(WHAT IS BEING ASKED)
The whole listing below, with no pictures, is to be repeated as it stands.

(PROVIDED DATA)
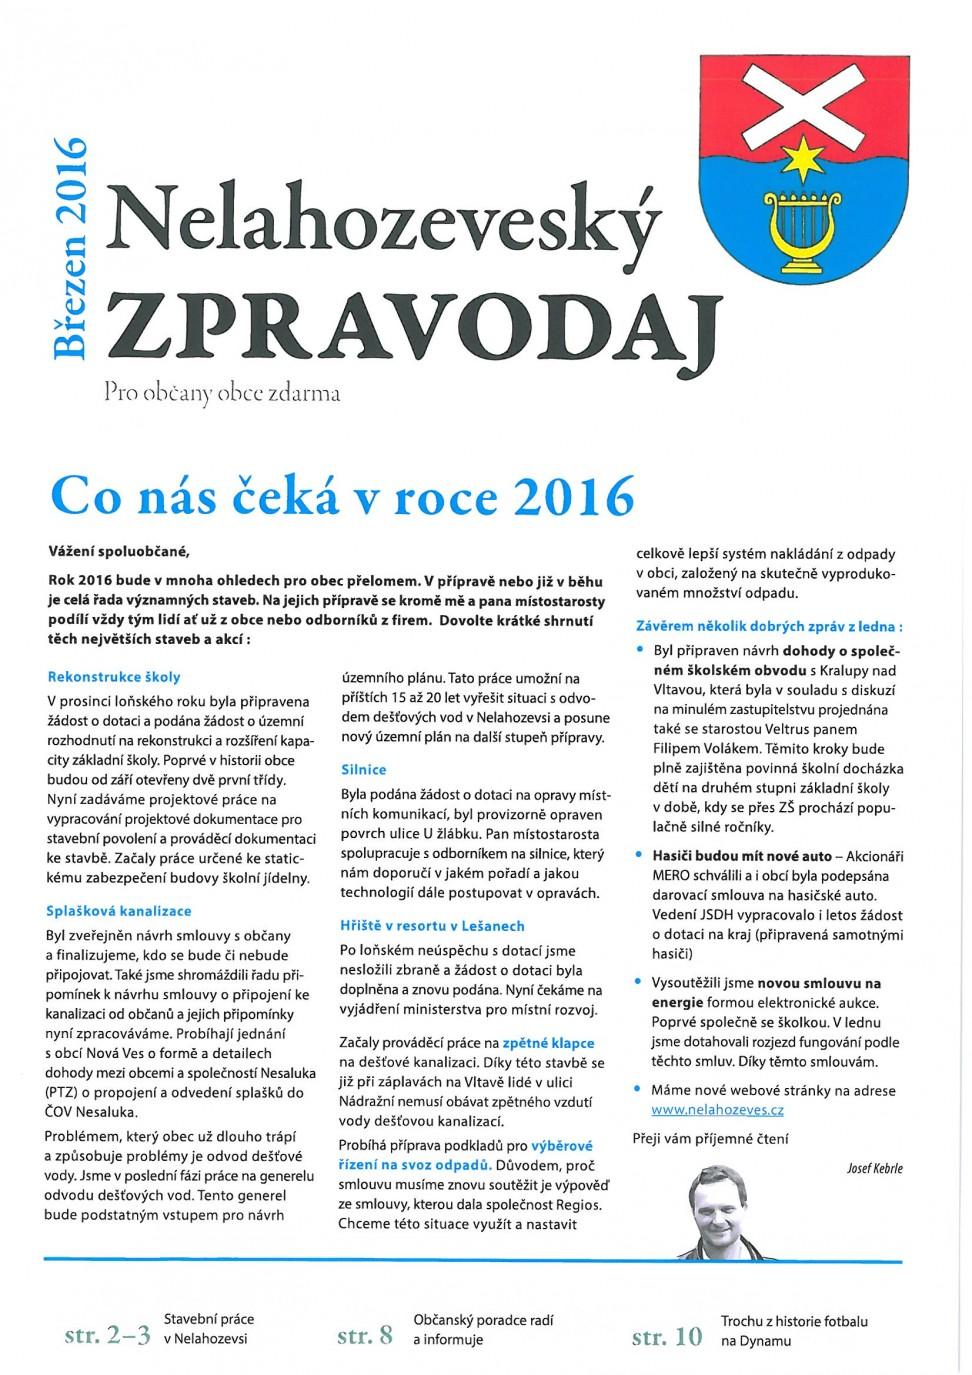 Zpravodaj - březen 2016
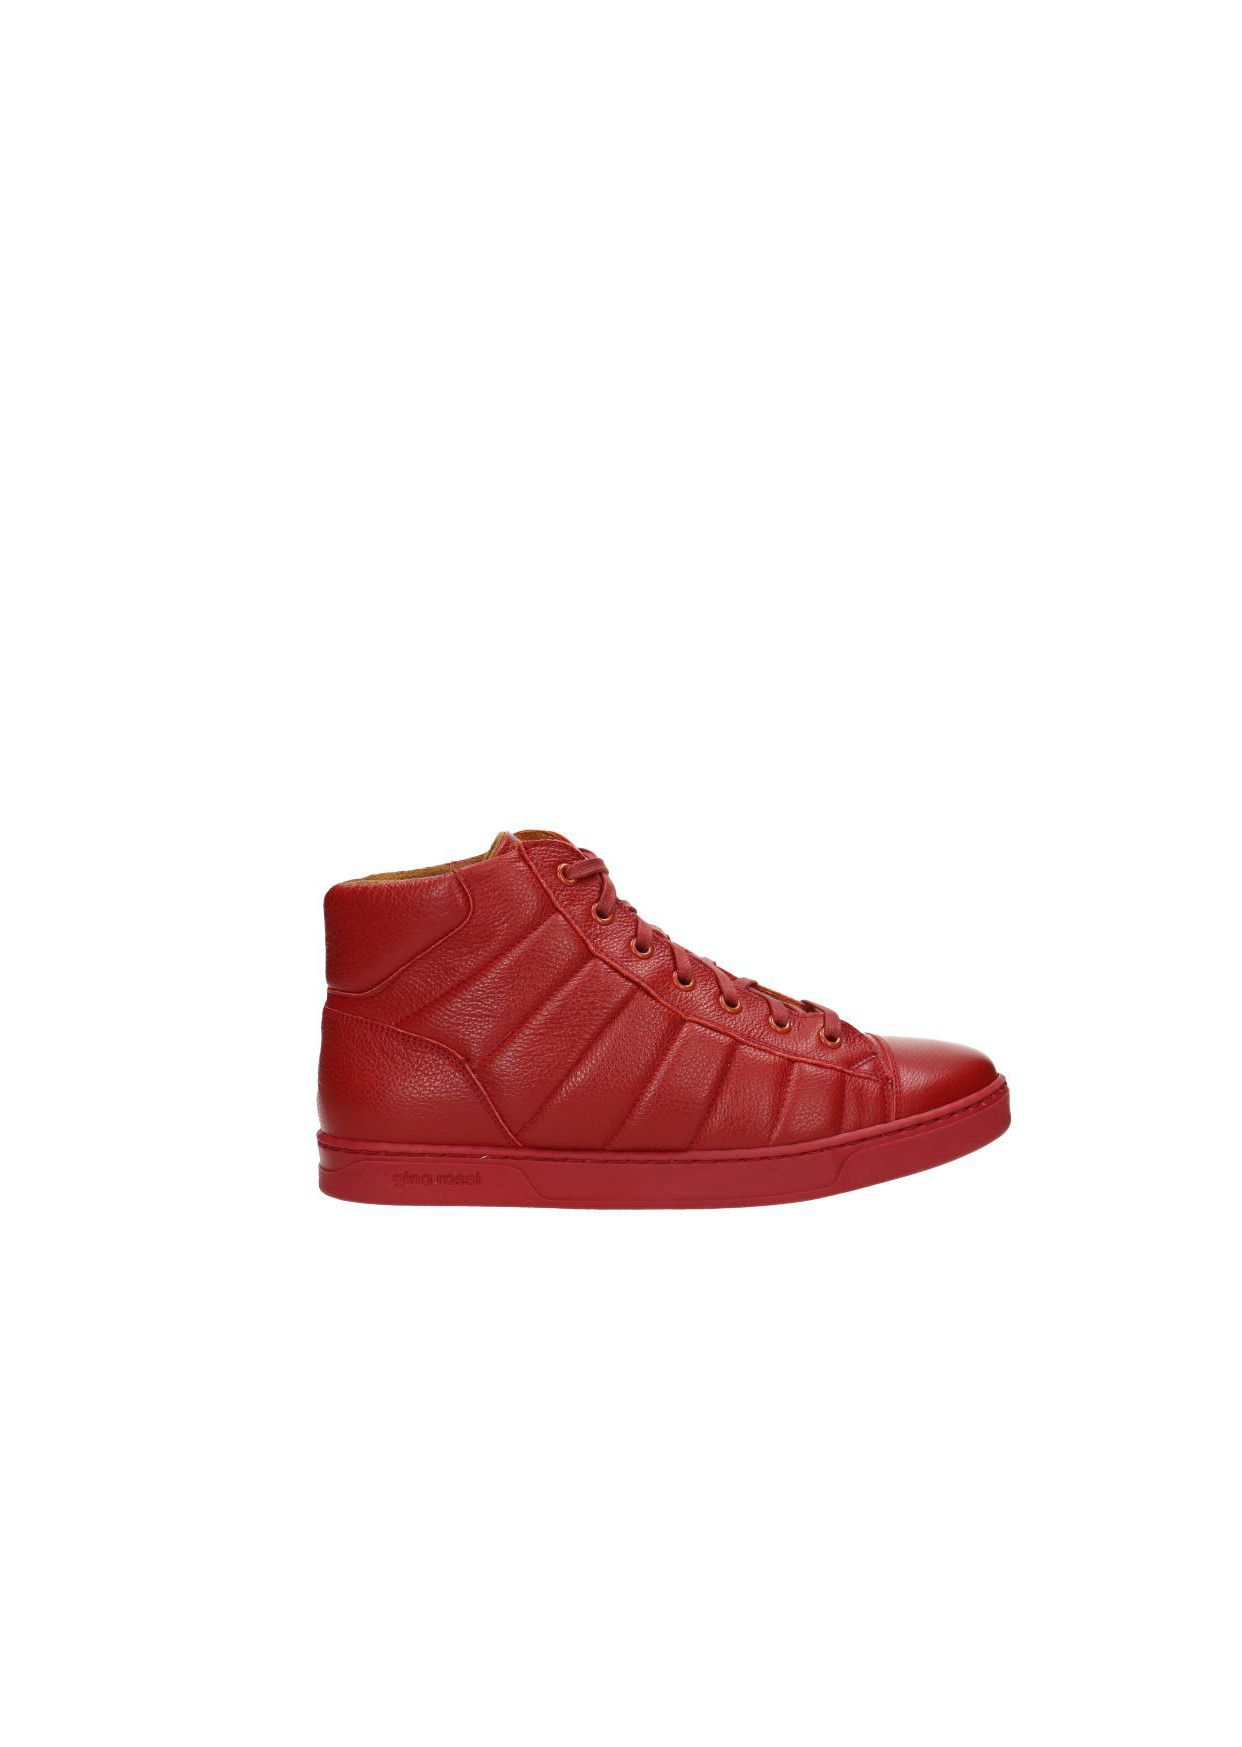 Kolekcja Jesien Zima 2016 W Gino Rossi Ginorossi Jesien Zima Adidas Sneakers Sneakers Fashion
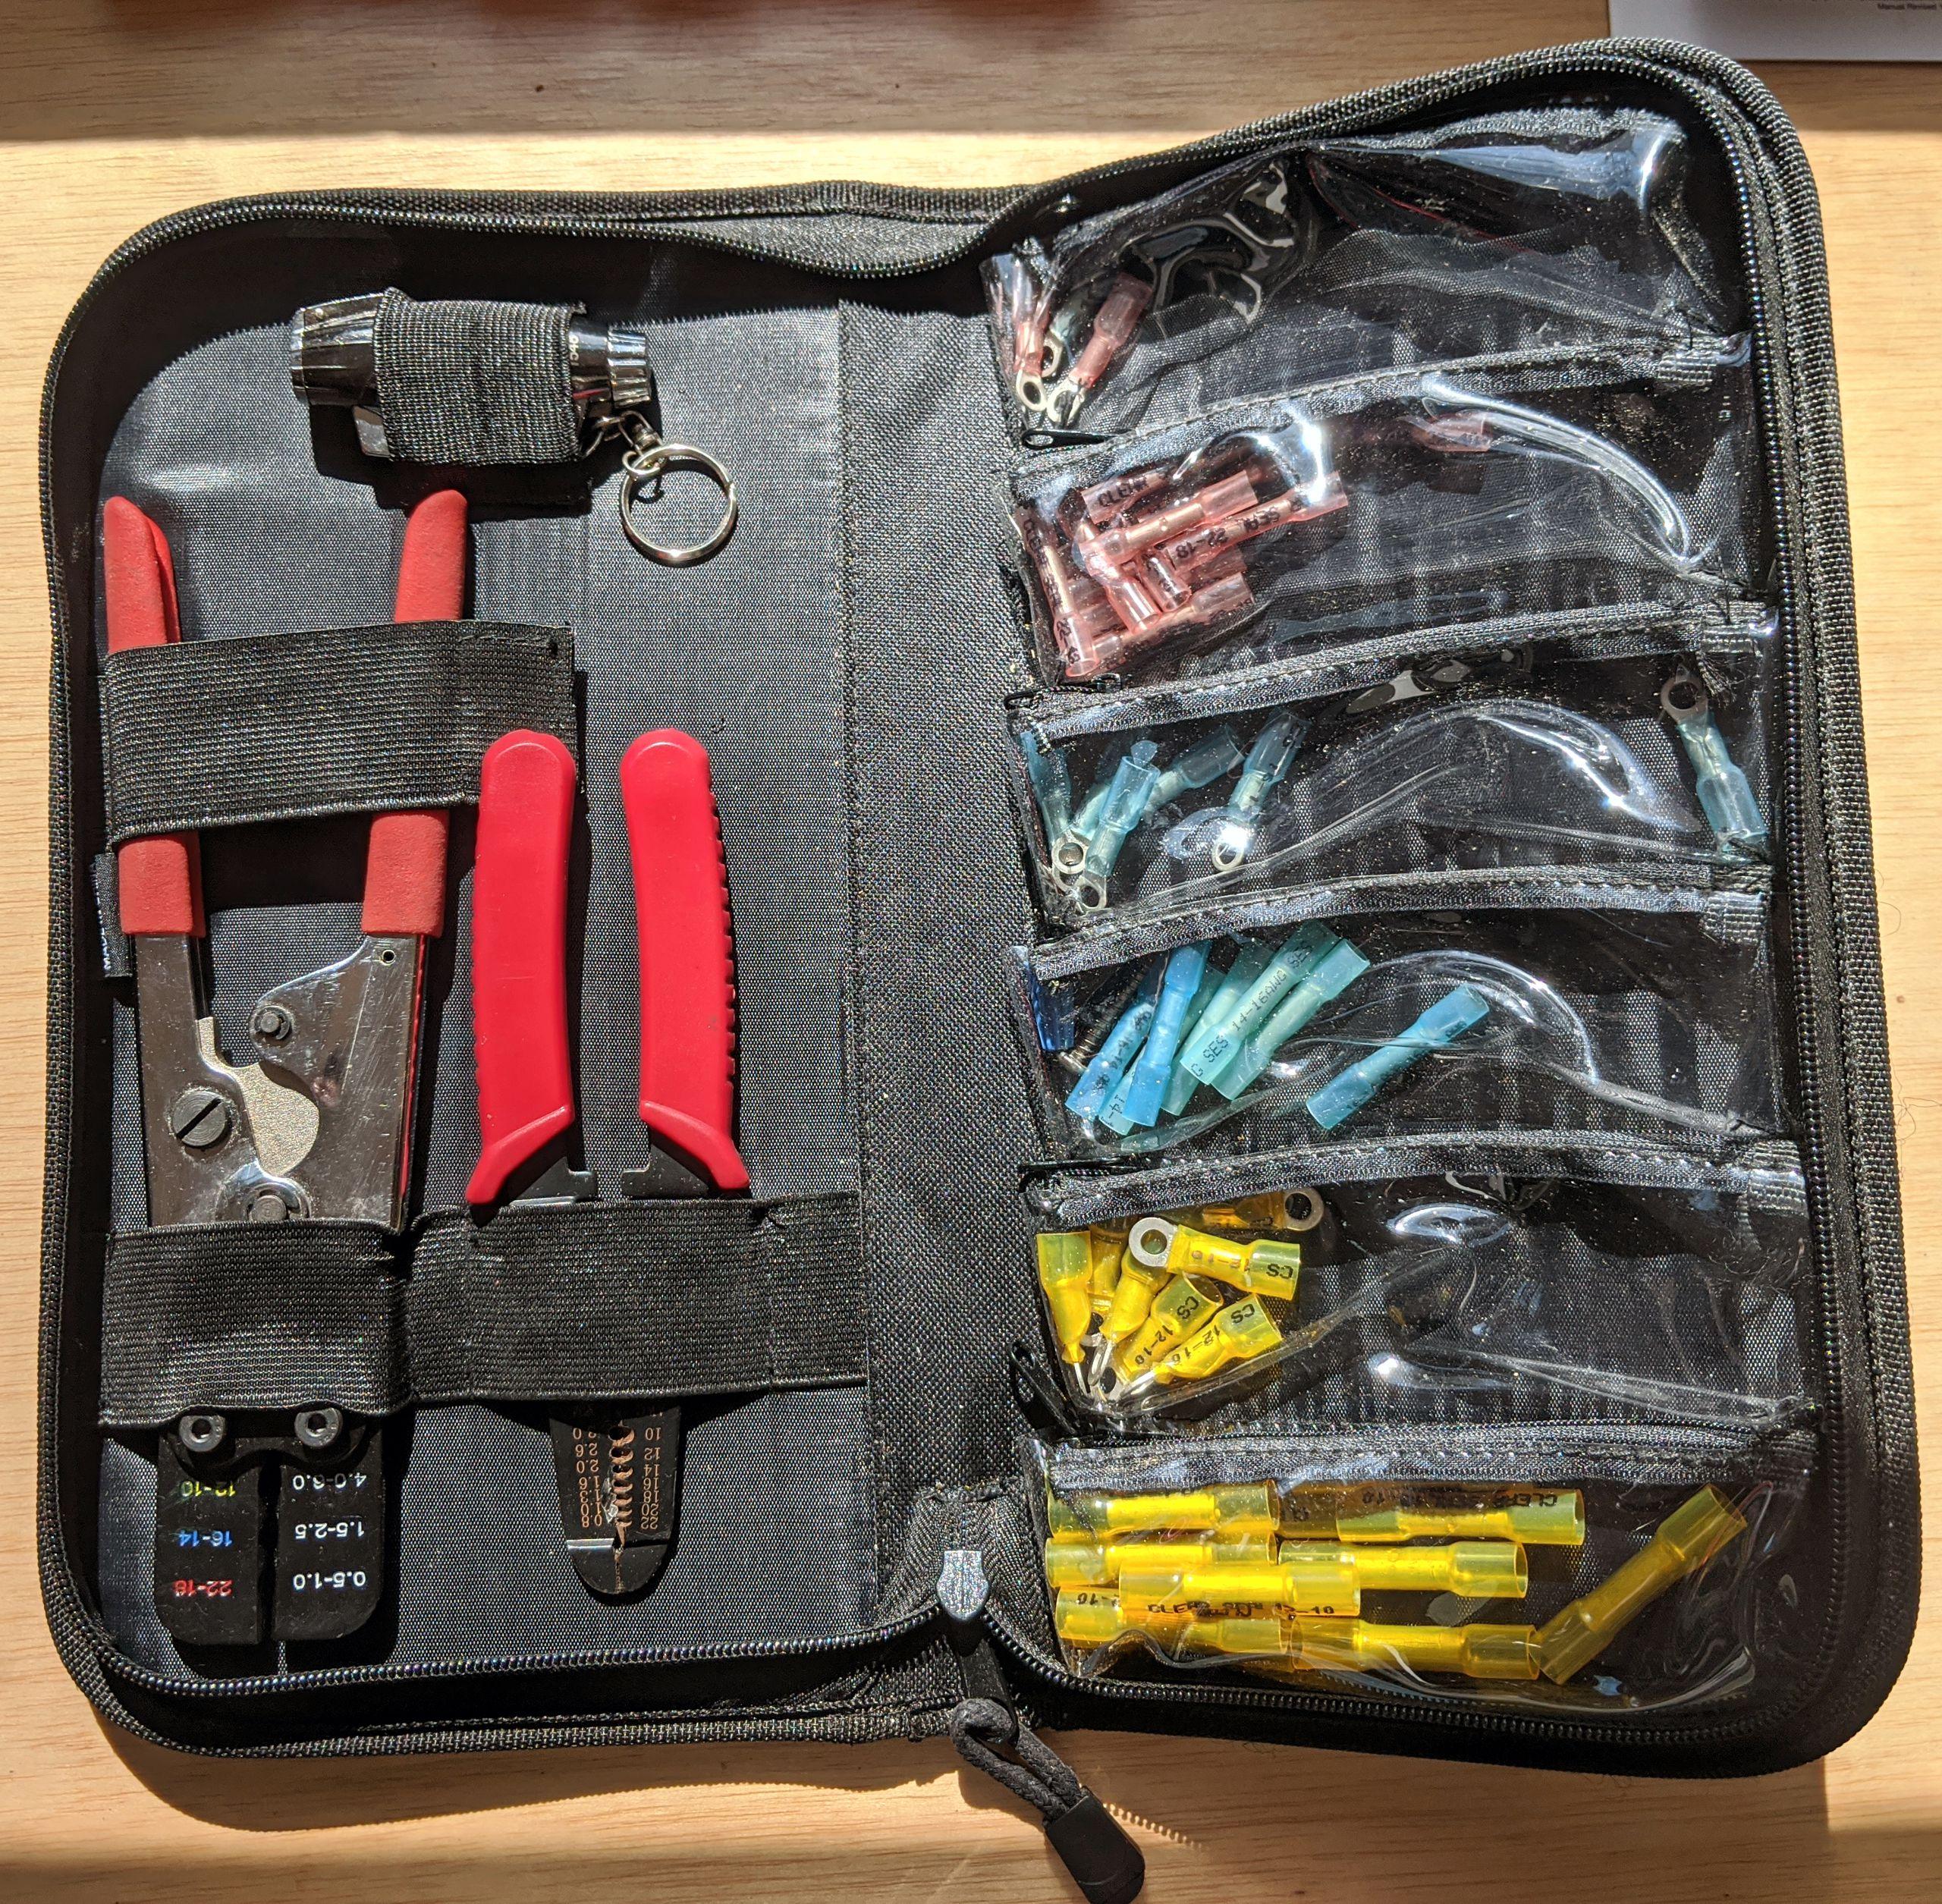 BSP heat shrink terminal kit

(SOLUTION)
 Zpravodaj - březen 2016
 Kolekcja Jesien Zima 2016 W Gino Rossi Ginorossi Jesien Zima Adidas Sneakers Sneakers Fashion
 BSP heat shrink terminal kit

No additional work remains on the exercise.